LaFayette council members are looking for city departments to be more transparent by stepping up their use of social media.

Council members Ben Bradford and Chris Davis, during the council’s Feb. 9 meeting, proposed changing the city’s social media policies to allow each department its own Facebook page.

The change, the two councilmen said, could help bring more transparency to the city’s operations and keep citizen better informed.

Citizens have been asking for more openness and transparency in government and this change might allow citizens to be more “in the know of the goings on” in LaFayette.

Under the proposal, administrators in each department could have access to post updates on each respective department’s Facebook page.

The current policy does not allow city employees to access social media during work hours.

Under the proposal, for example, if the Parks and Recreation Department had its own Facebook page, director Patti Scott and/or another employee of the department could post game results and weather delays, just to name a couple of examples.

This would allow the city to keep citizens updated and informed and not have to rely solely on media such newspapers, radio stations and TV stations, Bradford said.

The only department with permission, at this time, to access social media is the LaFayette Police Department. Investigators have the authority to post information about criminal cases under investigation, which has proven successful in solving the crimes when citizens have given information to law enforcement once it was posted.

Davis wants to make the change to the policy fluid, transparent and in real time as it pertains to the city.

Opening can of worms?

According to LaFayette police chief Bengie Clift, in making a change to the policy, the city has to take the bad with the good.

Clift, the day after the council meeting, said he is against censorship and is for free speech and the city would have to live with any and all comments that could occur. Slanderous language and threats would have to be watched and monitored, but people would be able to comment on a post and give their opinions, whether positive or negative, and that is something Clift supports.

“It is progressive thinking and that is a good thing,” Clift said. “They have to take the bad with the good. You can’t censor people.”

Clift said the city would have to see what would work and watch out for potential abuse.

“How much leash are they going to have?” Clift asked.

Another concern is who would be responsible and who would have access to administrate such pages.

Clift said the hurdle would be who has the power and ability to make a post, which brings a responsibility and control issue. The poster would be a representative of city government, thus making the city responsible. If a city official posts something libelous, that would fall on the city.

Another concern would be if a city worker is off the clock and posts something to their respective city department’s Facebook or Twitter page, would that employee become on the clock and be subject to overtime?

Davis and Bradford said, at the meeting, they would welcome input and free speech from the citizens and that is the reason they ran for their seats on the council.

Mayor Andy Arnold said, at the close of the meeting, that the topic would be revisited and the council would look into making changes to the city’s social media policy.

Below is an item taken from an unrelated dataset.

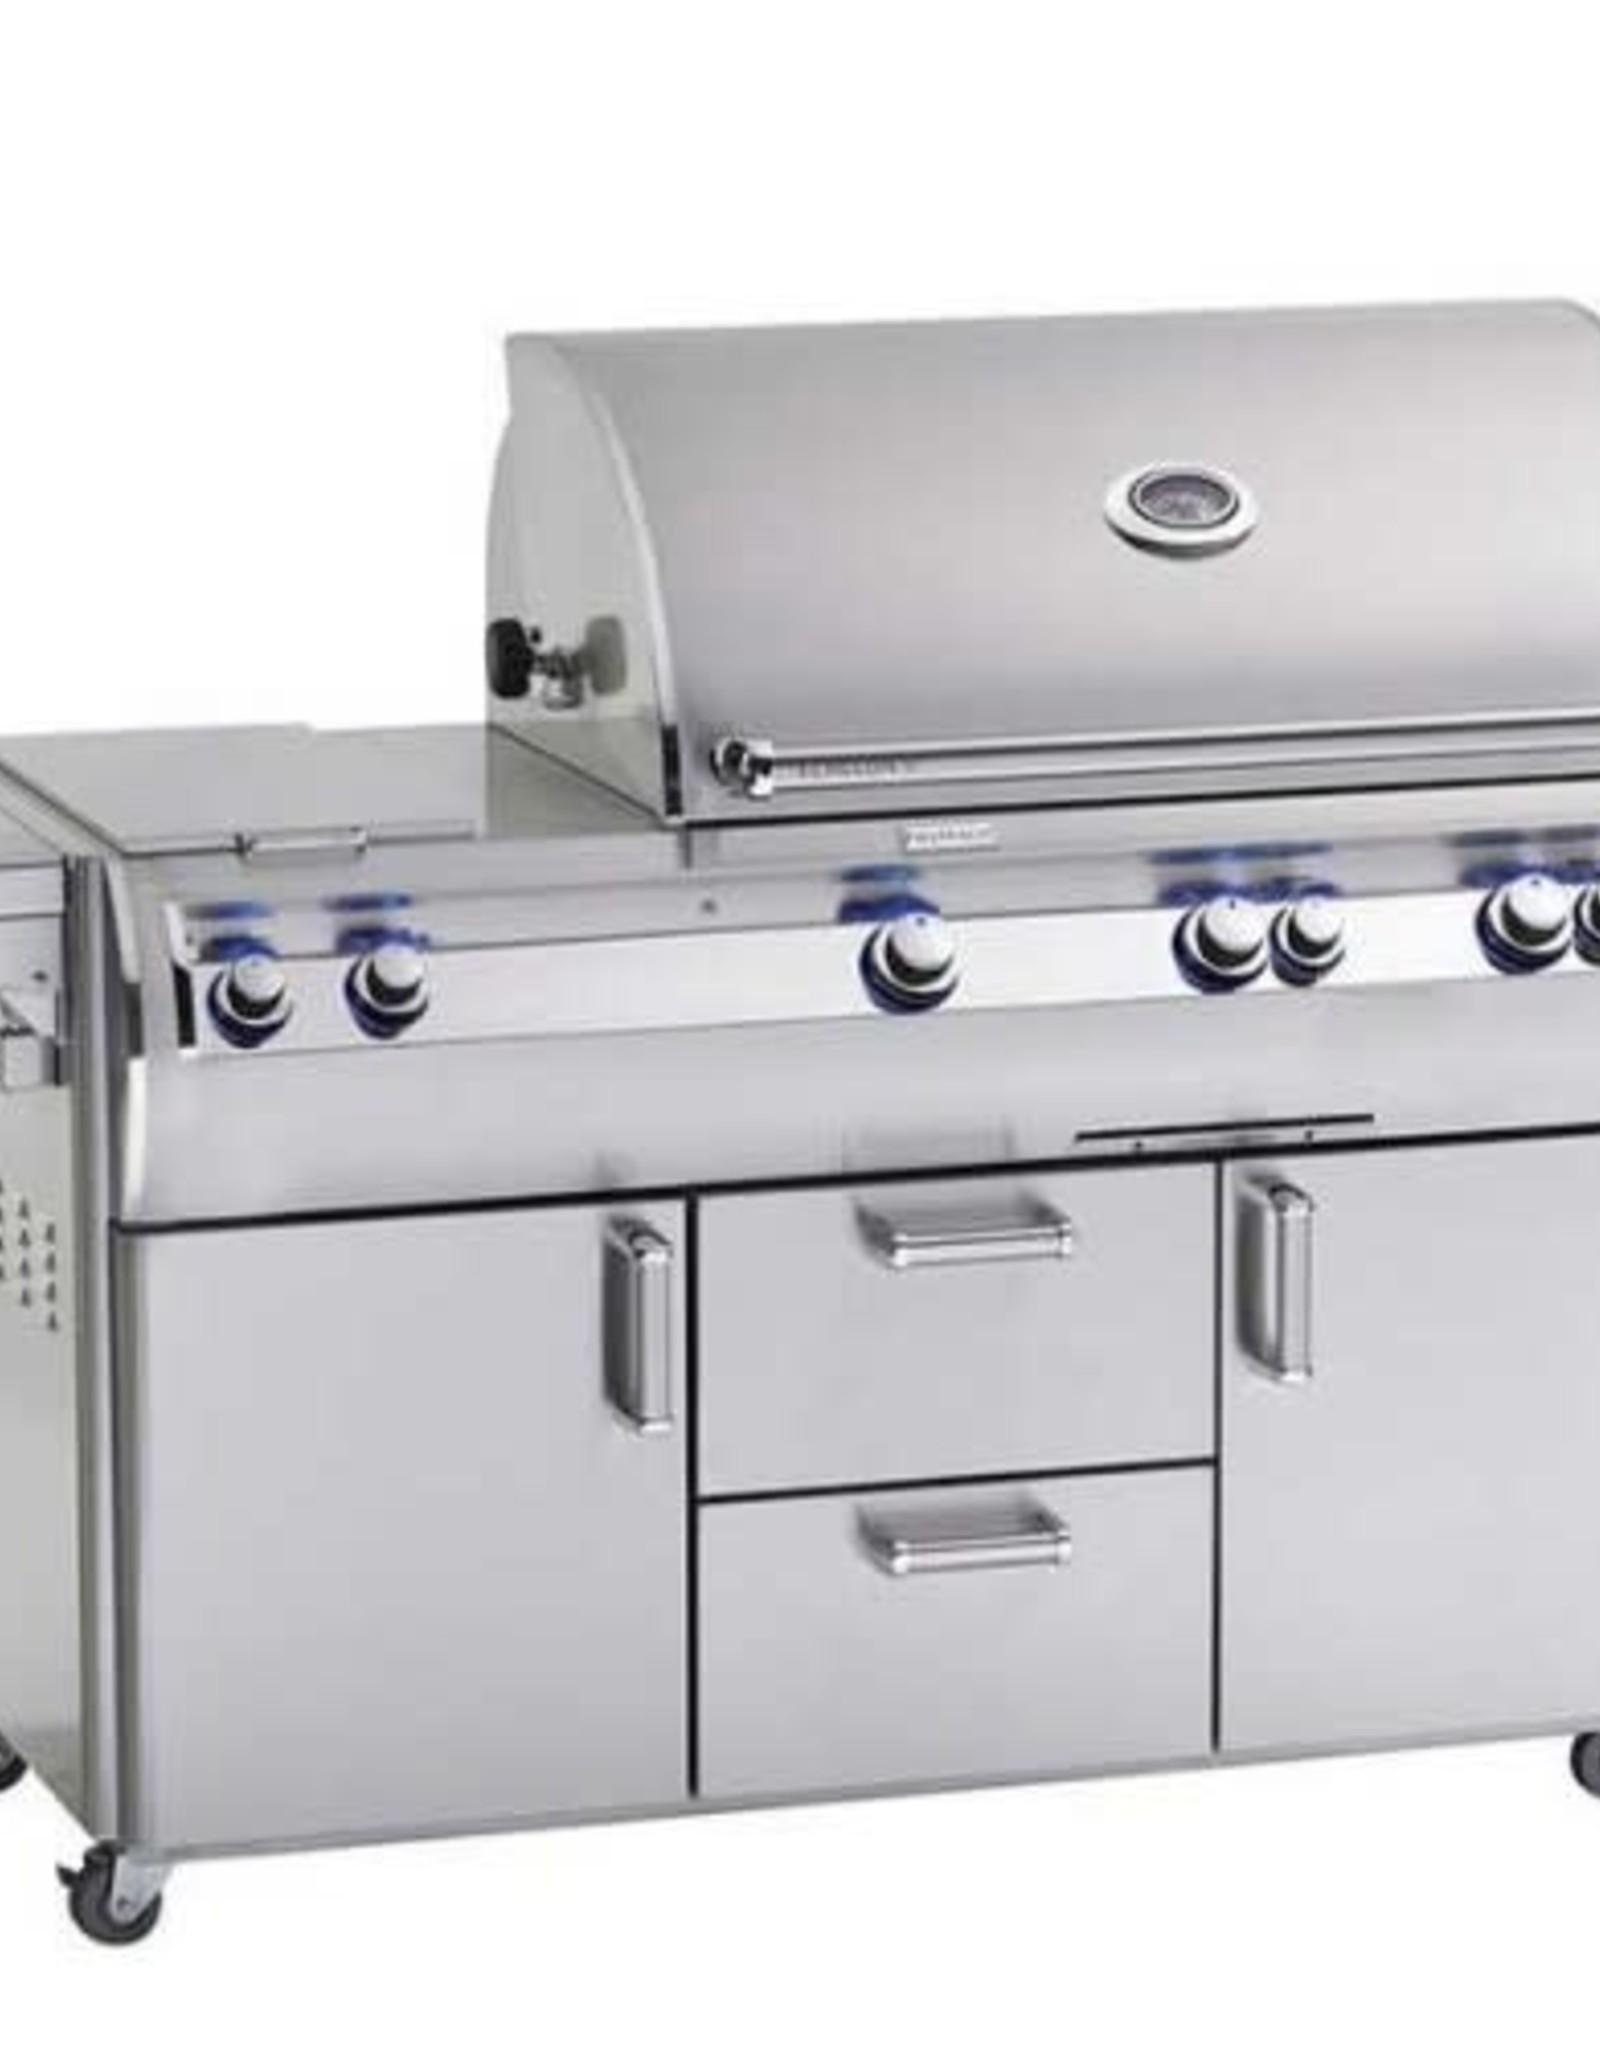 Fire Magic Fire Magic Echelon Diamond E790s 36-inch Cabinet Cart Grill with Double Side Burner (Analog)

Clift said he feels the city is a long way off from making these changes, as there are a lot of details to work out, but he does see the change as progressive thinking for the city and a means of being more transparent.

The goal

On Tuesday, Feb. 10, Davis said this change in the social media policy would allow for citizens to be up-to-date on what is offered and going on within the city.

Davis said events in the Parks and Recreation Department are not always presented to the public and many people voice the concern of “there’s nothing for kids to do.”

Using social media would be a means of promoting what is going on and what events are available to the public.

Another example would be a public works page that would keep citizens aware of street work, leaf pick-up, and paving going on in the city, Davis said. The information would be funneled through the social media pages.

Davis said citizens would be welcome to comment, offer criticism, and give positive and negative feedback on matters of concern. Those criticisms and concerns would be taken into consideration as long as they are of clean language, Davis said.

“Everyone is entitled to their opinion,” Davis said.

The city employees, however, would not be entitled to argue and debate with opposition in comments on social media. All concerns would be taken into consideration, with the goal of being more transparent.

“We want to be pro-active and not re-active,” Davis said.